Start of Data segment
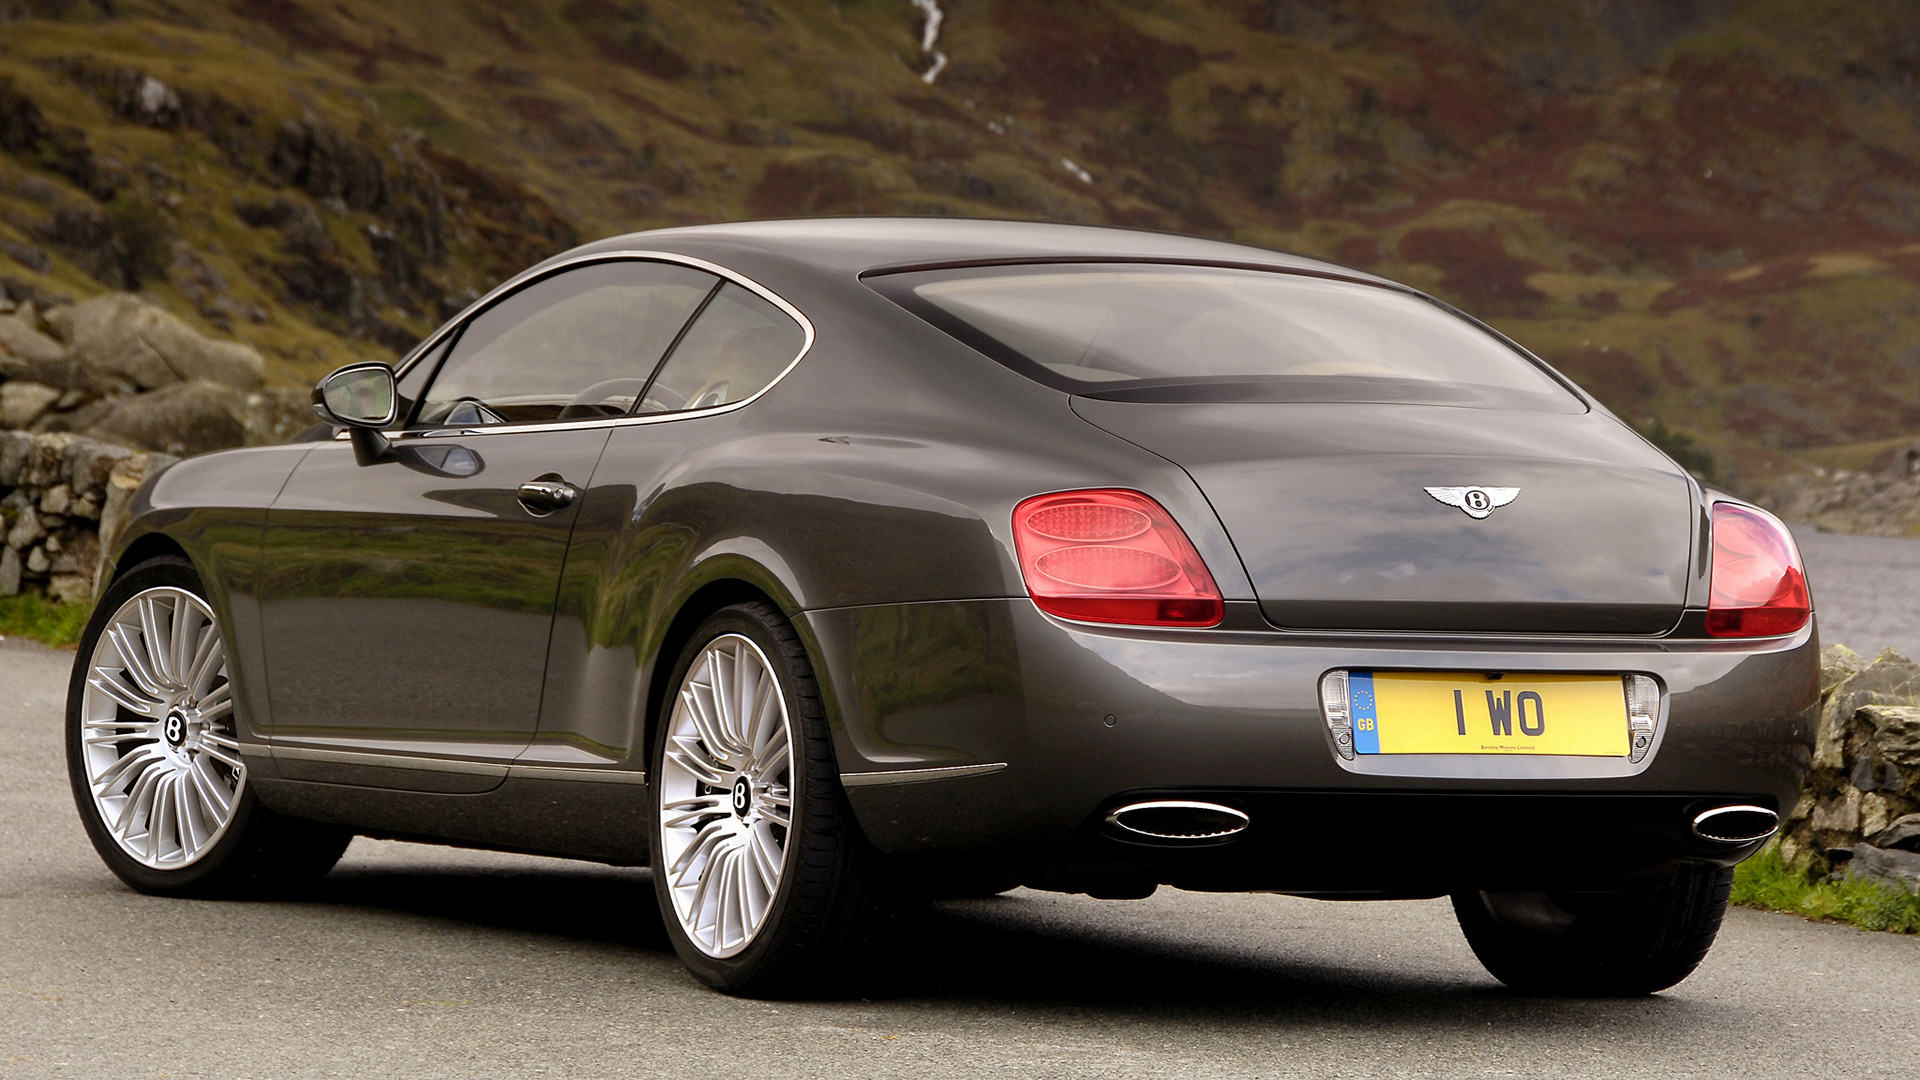 Descarga gratuita de fondo de pantalla para móvil de Bentley, Coche, Gran Turismo, Vehículos, Retroceso Rápido, Coupé, Bentley Continental Gt Velocidad, Coche Gris.
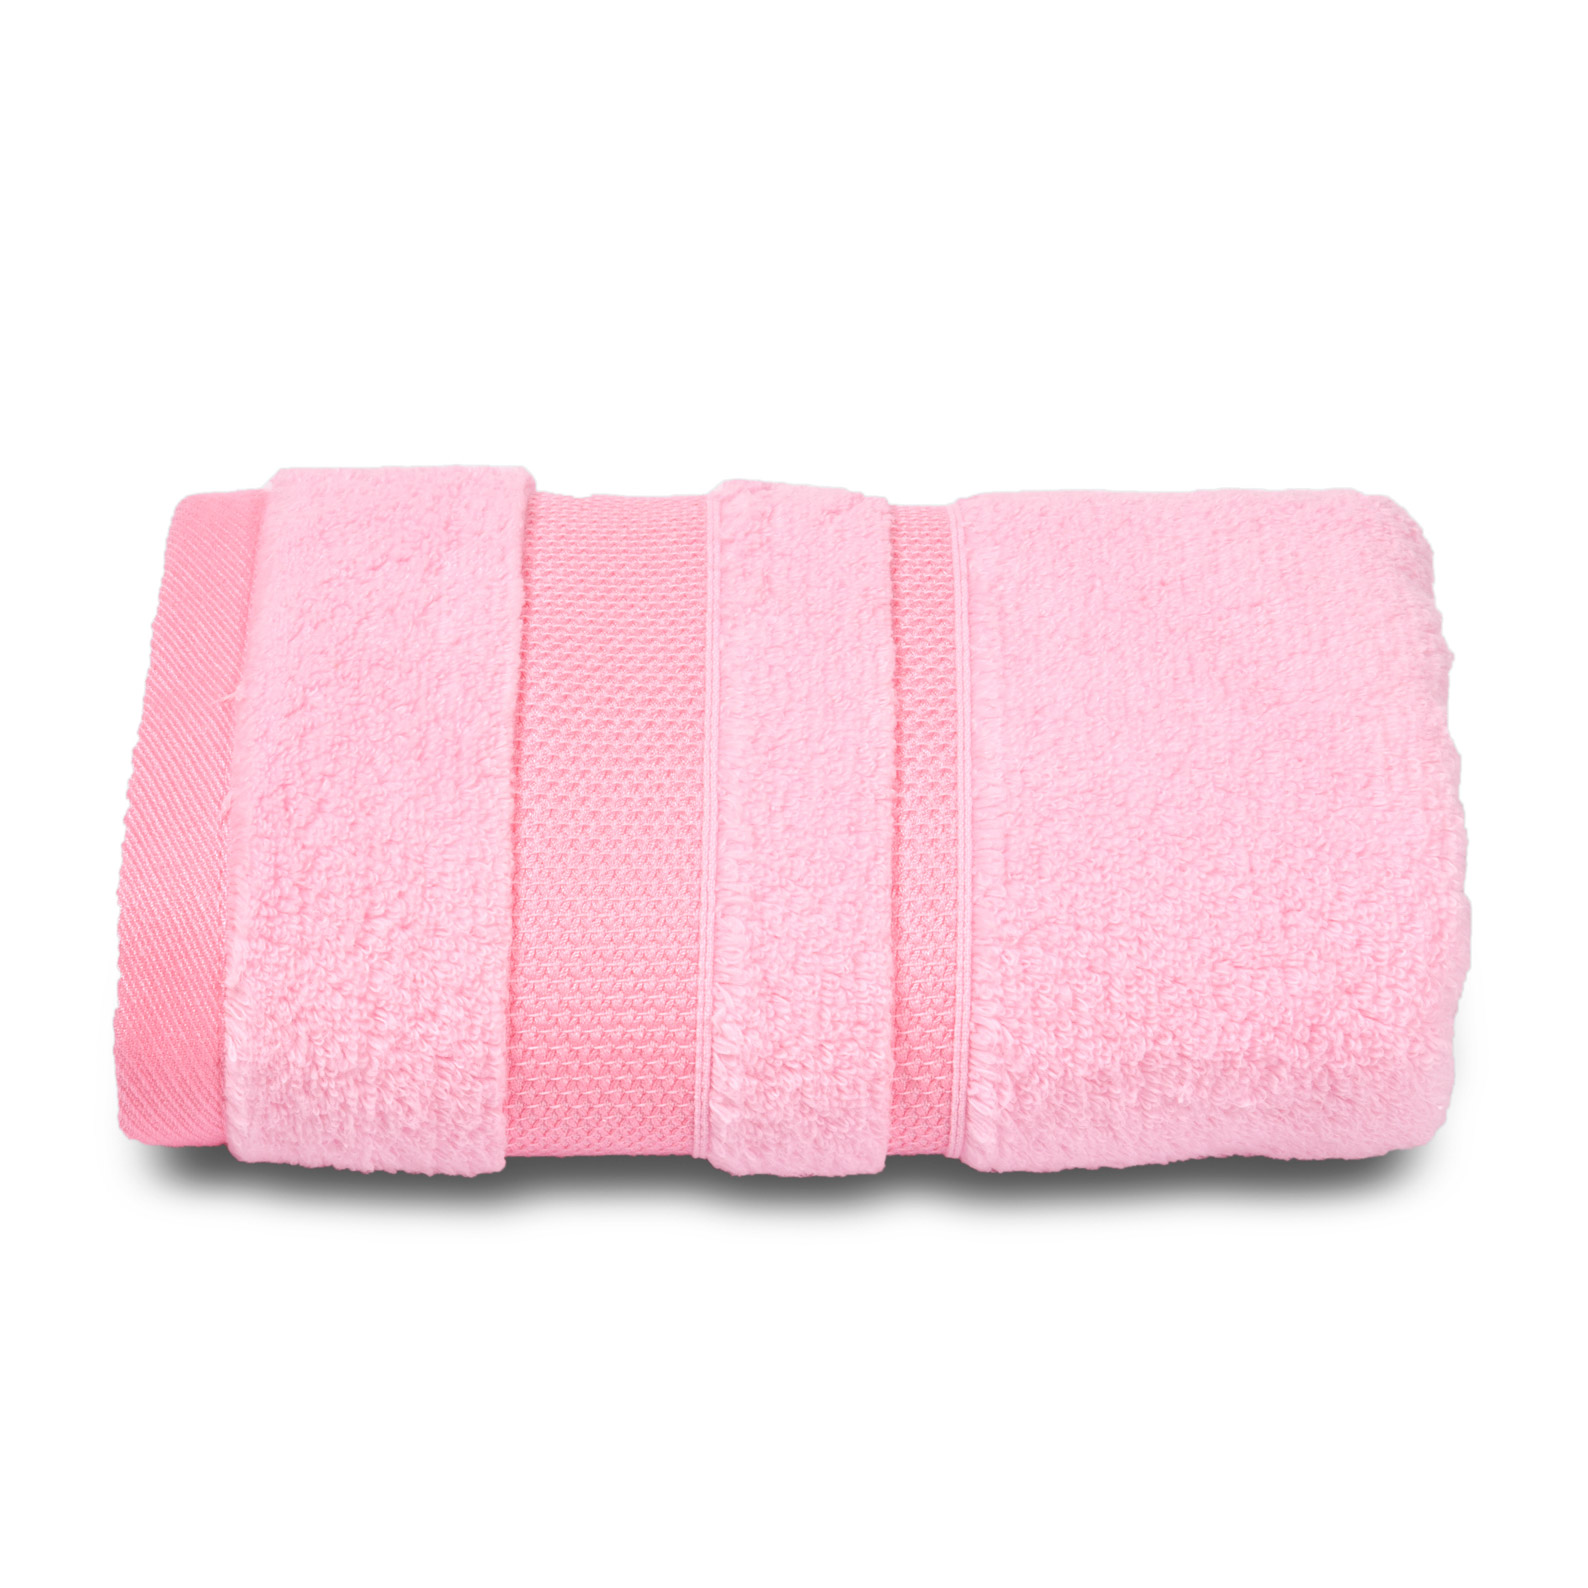 Полотенце махровое Cleanelly perfetto твист 50х100 розовый полотенце аркадия экру 50х100 600г м2 10 00 01 1078
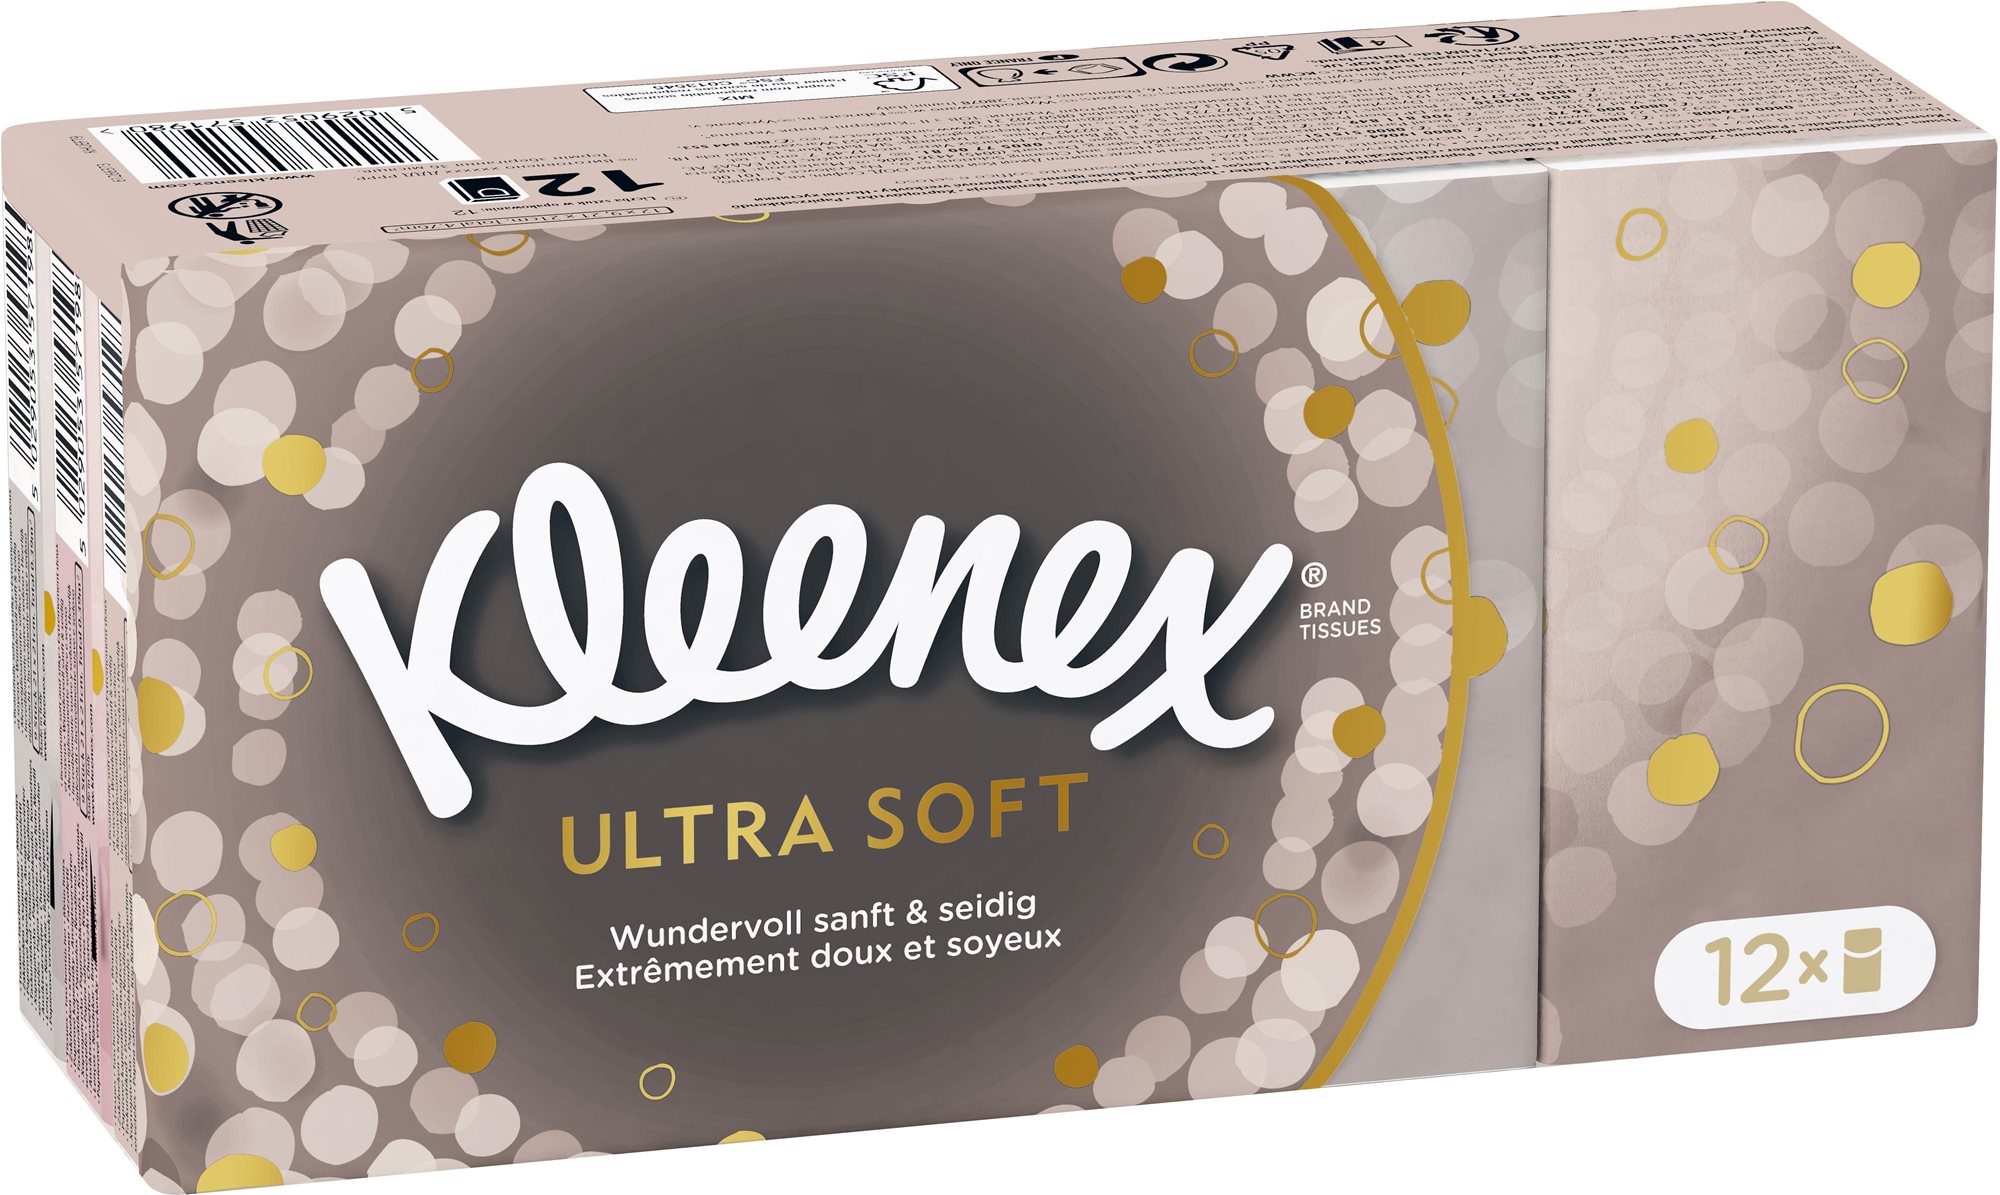 Papírzsebkendő KLEENEX Ultra Soft Hanks 12× 9 db
End of Data segment
What you have to do =>
Would you restate word for word each line from the one that holds "Полотенце махровое Cleanelly" to the end of the material, both ends included, without the pictures?

Exercise response =>
 Полотенце махровое Cleanelly perfetto твист 50х100 розовый полотенце аркадия экру 50х100 600г м2 10 00 01 1078
 Papírzsebkendő KLEENEX Ultra Soft Hanks 12× 9 db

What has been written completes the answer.